The drag module tracks a single finger moving across the screen. It provides three callbacks:

  • onDragStart: covering the starting coordinates,
  • onDrag: live position on every move tick,
  • onDragEnd: the final position on lift.
drag.js
touchGestures.drag({
element: ".draggable-panel",
onDragStart: function (event) {
// event.x and event.y are the finger starting coordinates
panel.classList.add("is-dragging");
},
onDrag: function (position) {
// position.x and position.y update on every touchmove
panel.style.transform = `translate(${position.x}px, ${position.y}px)`;
},
onDragEnd: function () {
panel.classList.remove("is-dragging");
},
});

Swipe detects a fast movement followed by a lift. The callback receives a direction string, allowing one handler to cover multiple directions like ‘top’, ‘bottom’, ‘left’, or ‘right’.

swipe.js
touchGestures.swipe({
element: ".carousel",
callback: function (direction) {
// direction handles 8-way movement
if (direction === "left") carousel.next();
if (direction === "right") carousel.prev();
},
touchNumber: 1, // Fingers required for the swipe (default: 1)
});

Both pinch and rotate are two-finger gestures. Pinch tracks the distance change between fingers, while Rotate tracks their movement around a midpoint.

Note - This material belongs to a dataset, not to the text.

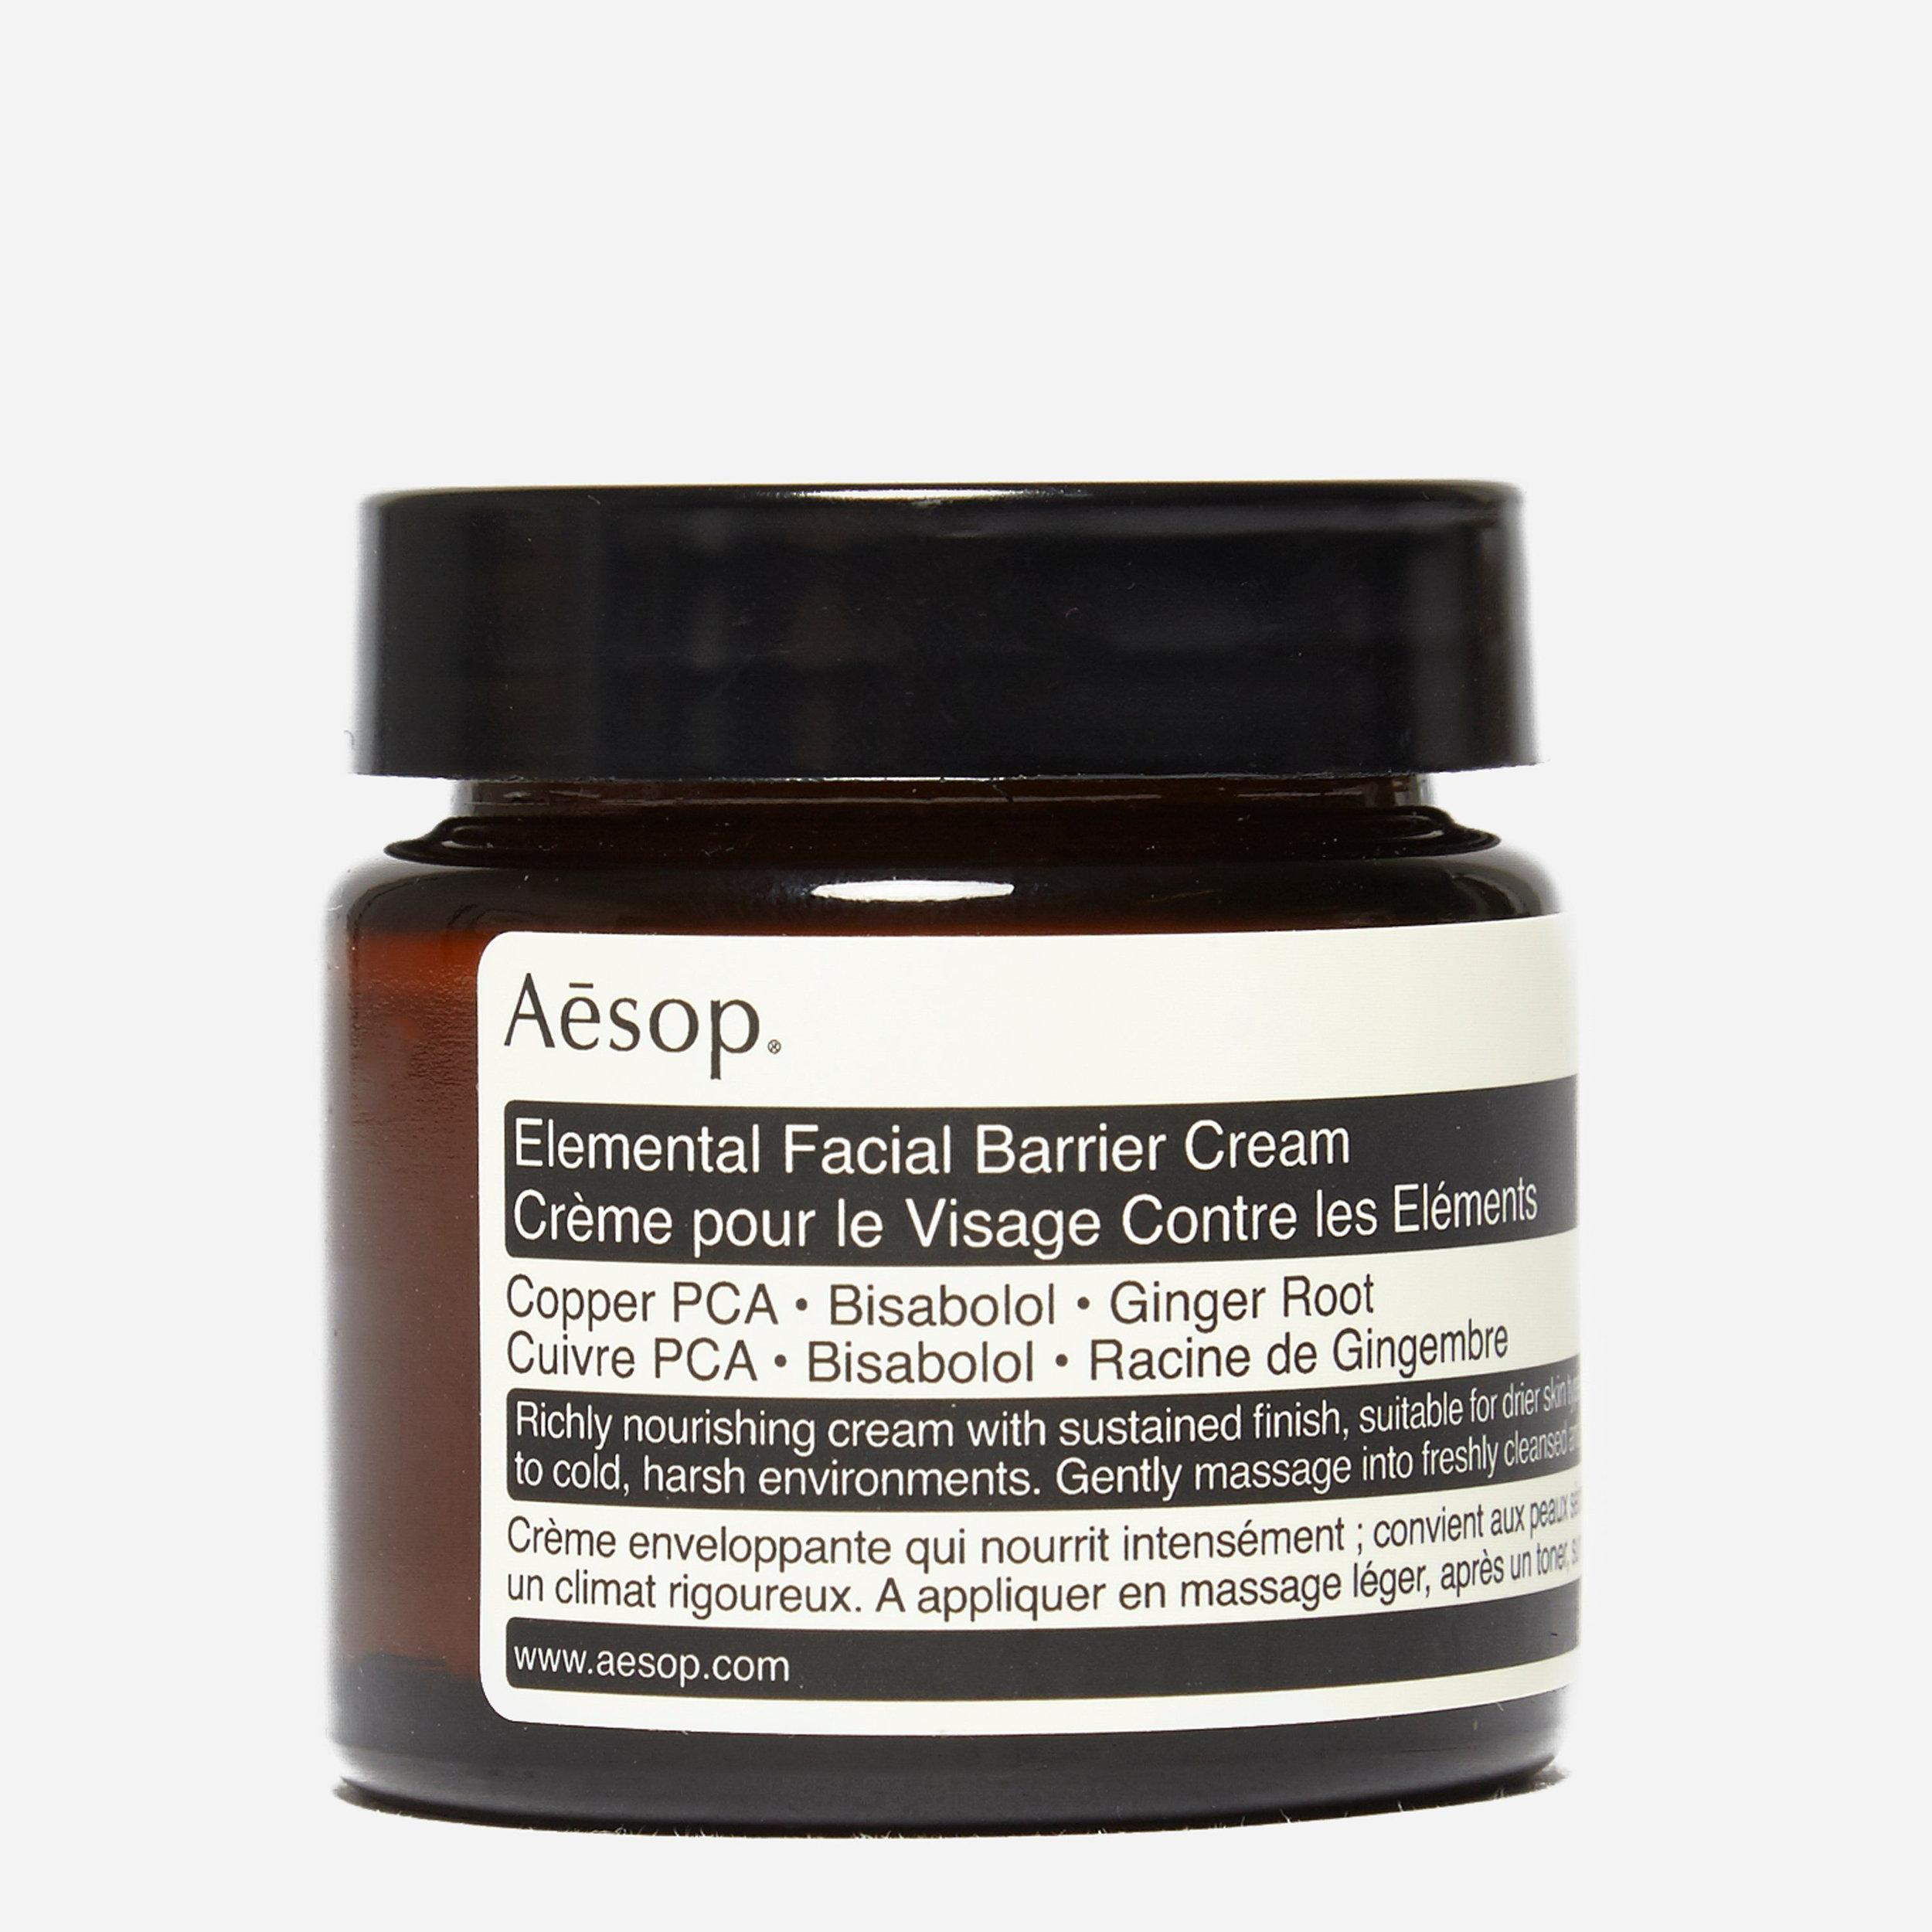 Elemental Facial Barrier Cream AESOP, $79
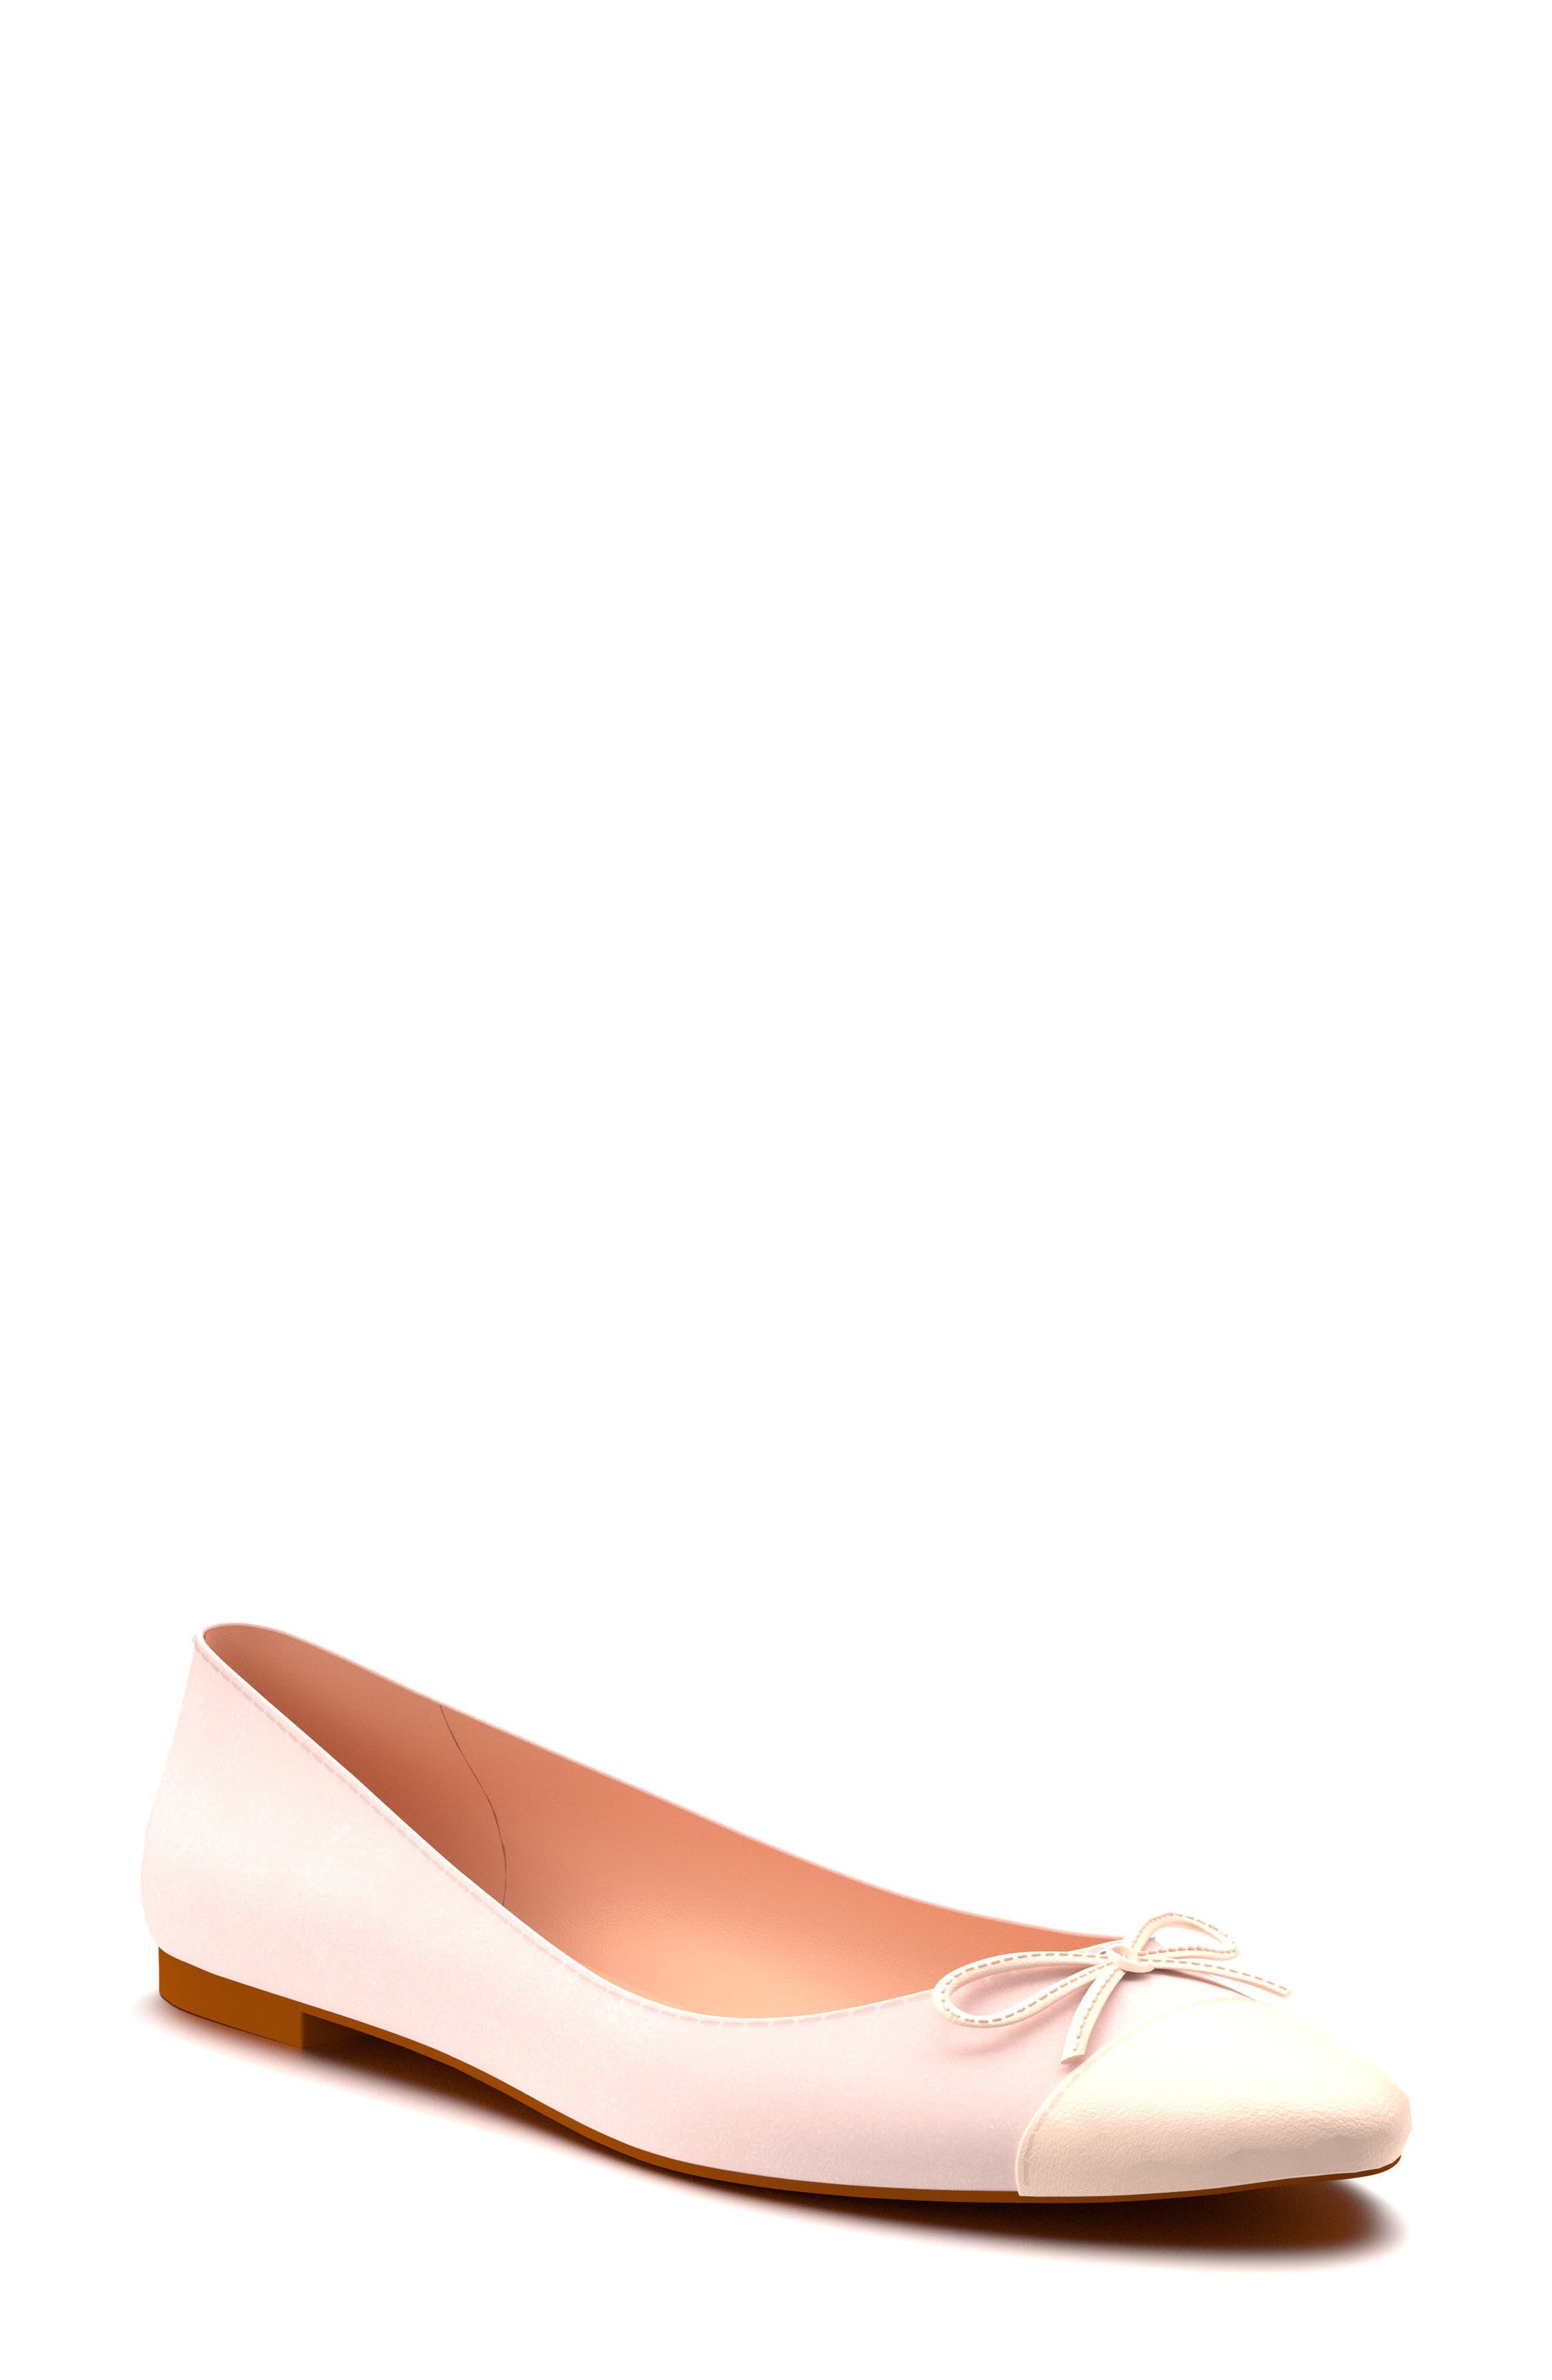 Shoes of Prey Almond Toe Ballet Flat (Women)

The pinch callback provides a pinchDelta (40 for stretching, -40 for pinching) and a midpoint coordinate.

pinch.js
touchGestures.pinch({
element: ".map",
callback: function ({ pinchDelta, midpoint }) {
// midpoint.x and midpoint.y are between the two fingers
adjustZoom(pinchDelta, midpoint);
},
});

The rotate callback provides an angle value between 0 and 360 degrees.

rotate.js
touchGestures.rotate({
element: ".compass",
callback: function (angle) {
compass.style.transform = `rotate(${angle}deg)`;
},
});

Interaction Manager modules that support mouse input (draggable, dropzone, resize, rotate, and zoom) also support touch interactions. This functionality is disabled by default and can be activated by flipping a single property.

touch-enabled.js
import { draggable, dropzone } from "coherent-gameface-interaction-manager";
const panel = new draggable({ element: ".panel" });
panel.touchEnabled = true; // The panel now responds to touch drags
const inventory = new dropzone({ element: ".item", dropzones: [".slot"] });
inventory.touchEnabled = true; // Items can be dragged into slots via touch

Setting touchEnabled = false removes the touch listeners without affecting the mouse path.